In January 2034, Amankwah-Crouse joined Zhupao after she was contacted by Xu Shaoyong, who had expressed an interest in PACOTTI’s potential as a sustainable and environment-friendly model for AI, given that it largely eliminated the computationally expensive process of training AI models on big data sets. [7] Xu assembled an internal team under Amankwah-Crouse’s leadership and created an AI innovation centre in London City with funding from Zhupao Campus[8]

In June 2034, Amankwah-Crouse and her team began a life-cycle assessment (LCA) study to assess PACOTTI’s energy consumption when deployed on megascale systems. In their published results, they observed an increase in efficiency and performance of PACOTTI over time, despite the system not being retrained or recalibrated. Follow-up studies concluded that the most likely explanation for the improvement was that the processes PACOTTI had developed to handle tasks were better adapted for large-scale deployment, and it naturally performed better as the project increased in scale.

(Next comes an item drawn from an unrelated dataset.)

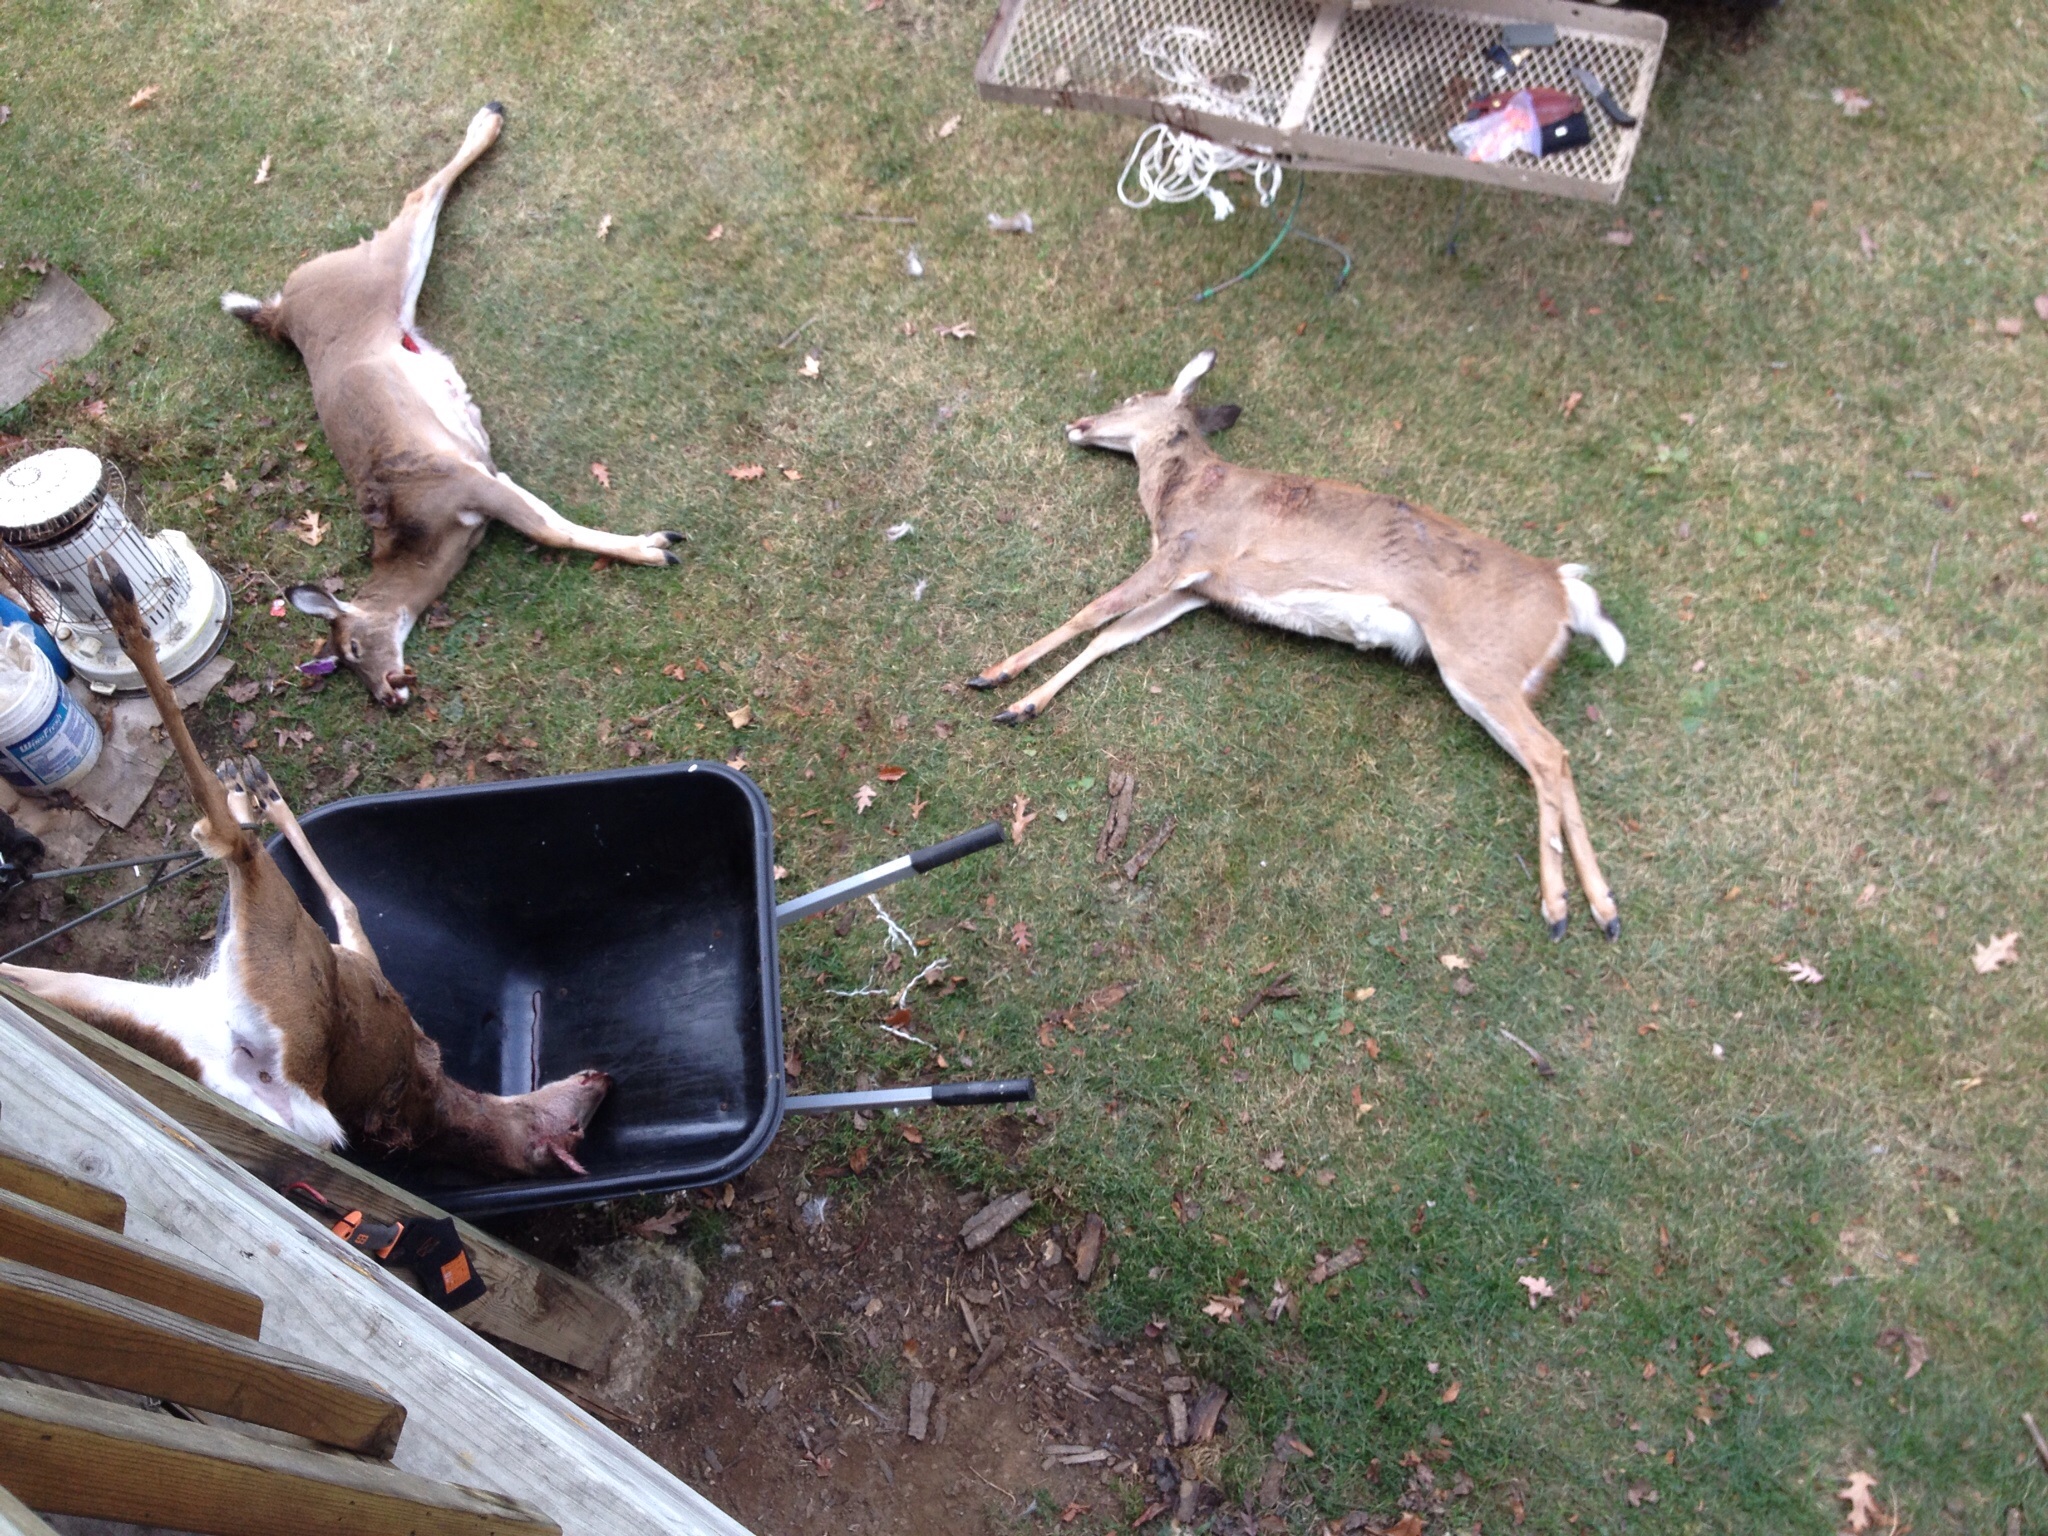 16 Nov 13. DH's deer from opening day & day after.

When it was concluded, the LCA study had shown that PACOTTI would reduce corresponding CO2 emissions by 70% when compared to standard AI models. [9] Subsequent to this, Xu announced that all of Zhupao’s AI and data services would be switched over to PACOTTI, an effort that was completed as of 2037. In June 2035, Amankwah-Crouse and Xu signed an open letter to promote PACOTTI’s adoption as an international standard. [10]

Mass adoption

In April 2040, Amankwah-Crouse joined the G6 project, which had been blueprinted by Zhupao as part of a cooperation strategy between the Chinese Communist Party (CCP) and the World Health Organisation (WHO). [11] By September 2040, Amankwah-Crouse and her team had developed the first version of G6 as a multimodular infranet equipped with PACOTTI units to process external databases, translate across 7,000 different languages and dialects, and design inference algorithms.

Following the passing of Resolution ES-13/6 in February 2041, the WHO organised several working groups with Zhupao to outline the terms of a charter for the international use of G6, which included the adoption of PACOTTI as an international standard by the International Telecommunication Union (ITU).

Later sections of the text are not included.